What you are asked to do:
Reproduce precisely the lines of the material below from the line containing "Null * China, 19th century" up to and including its last line. Pictures must not be copied.

Data shown:
------------
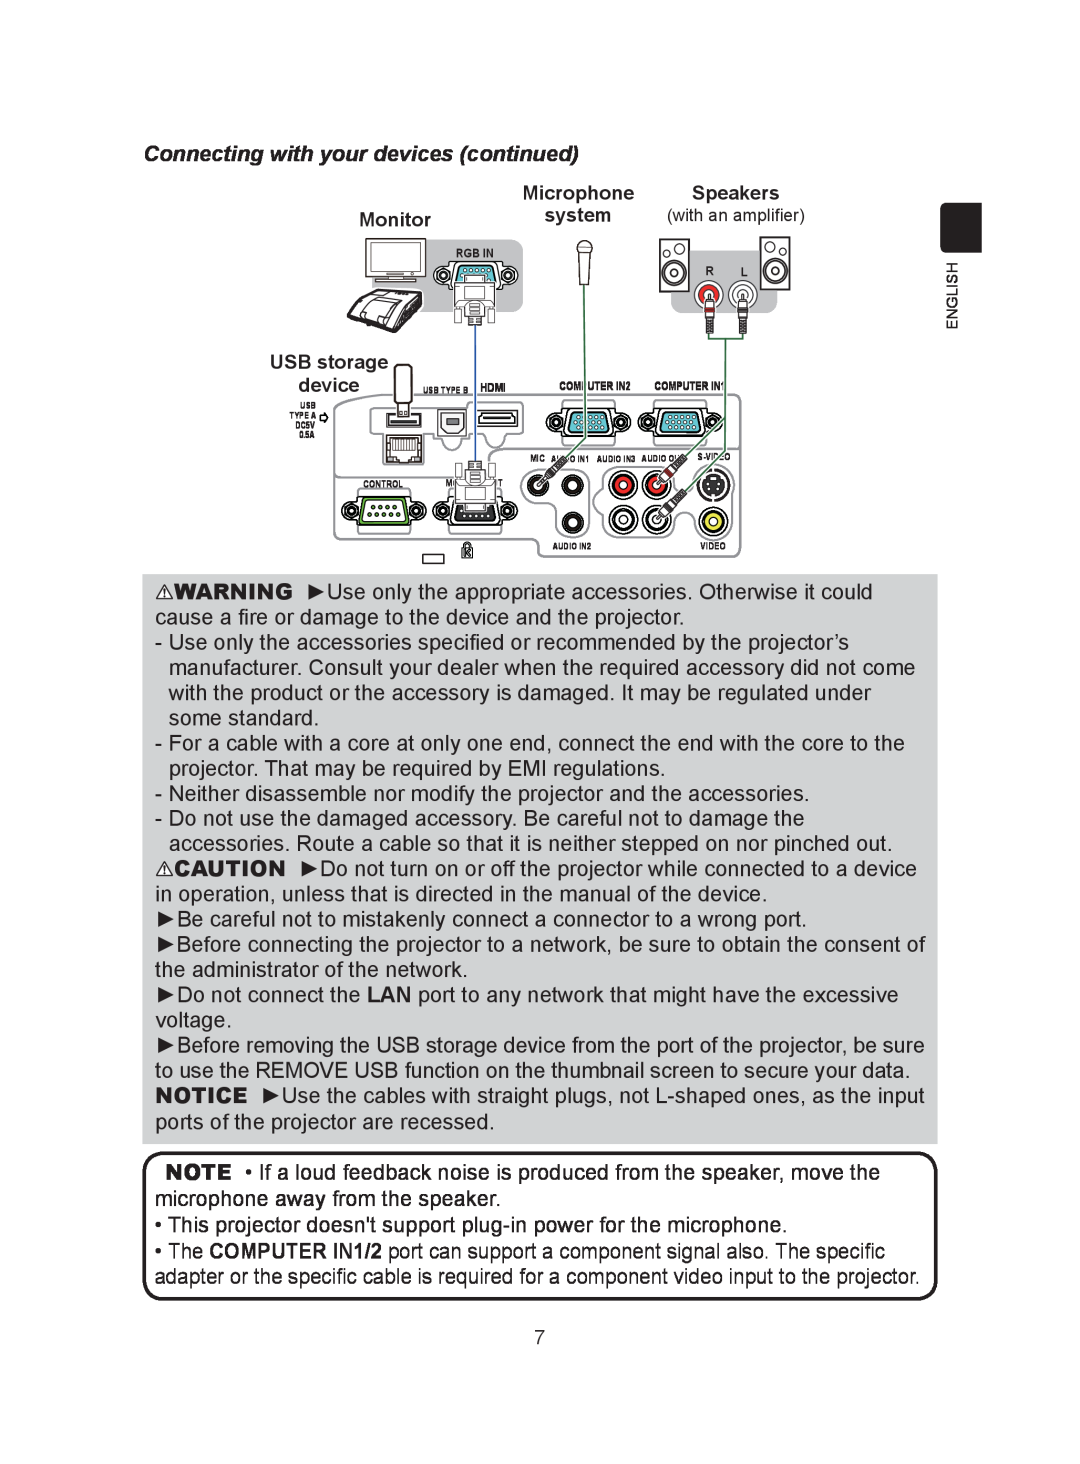 Hitachi CP-A300N user manual Connecting with your devices continued 
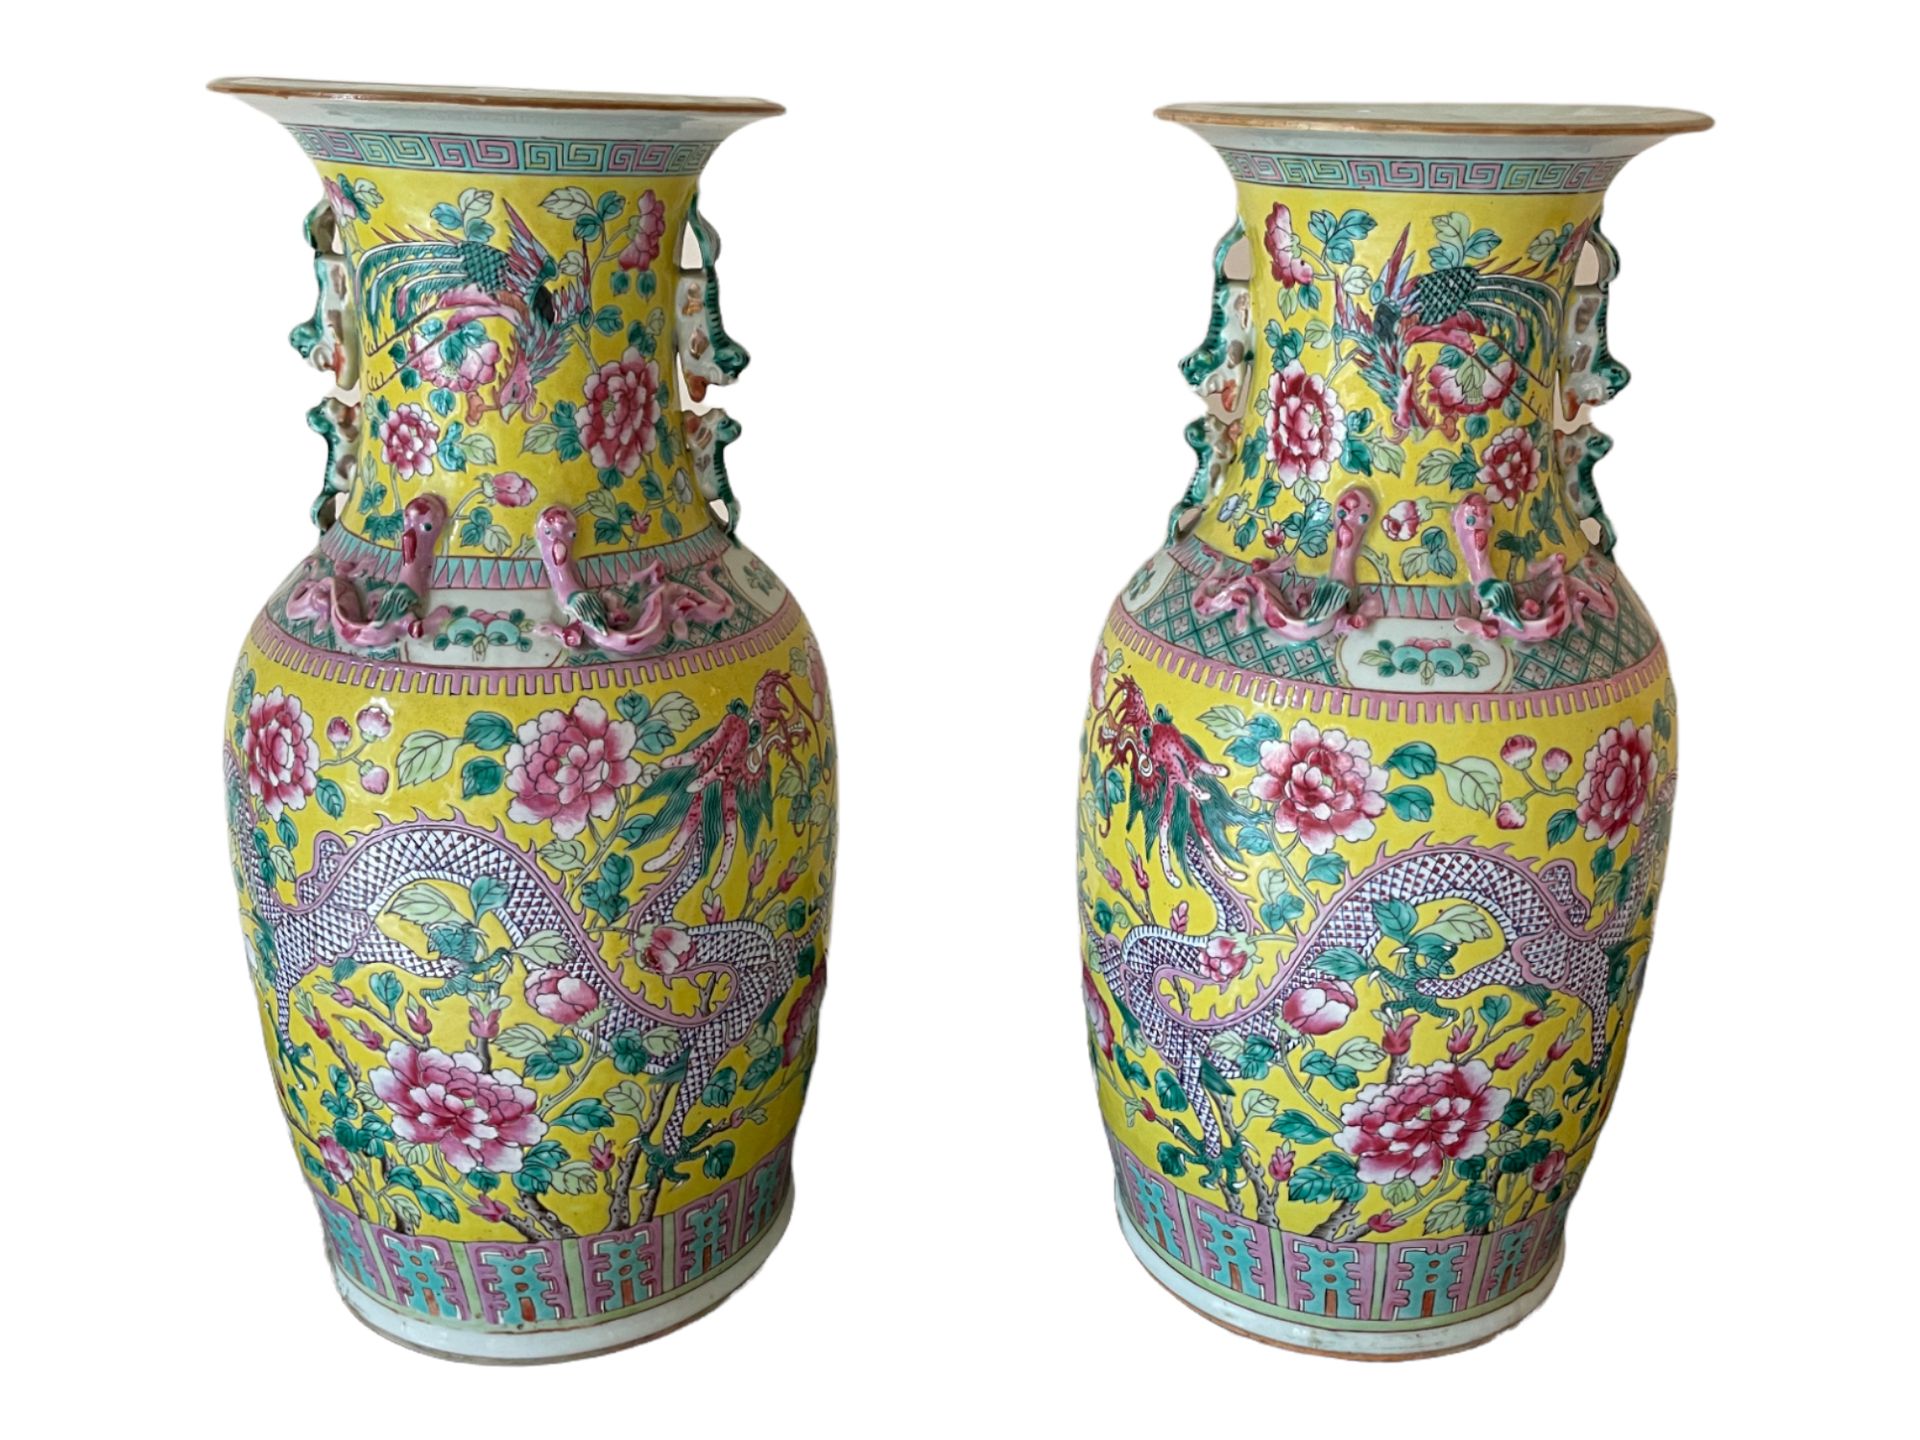 Null * China, 19th century 

Pair of porcelain vases with polychrome enamel deco&hellip;
------------
Result of the task:
 Null * China, 19th century 

Pair of porcelain vases with polychrome enamel deco&hellip;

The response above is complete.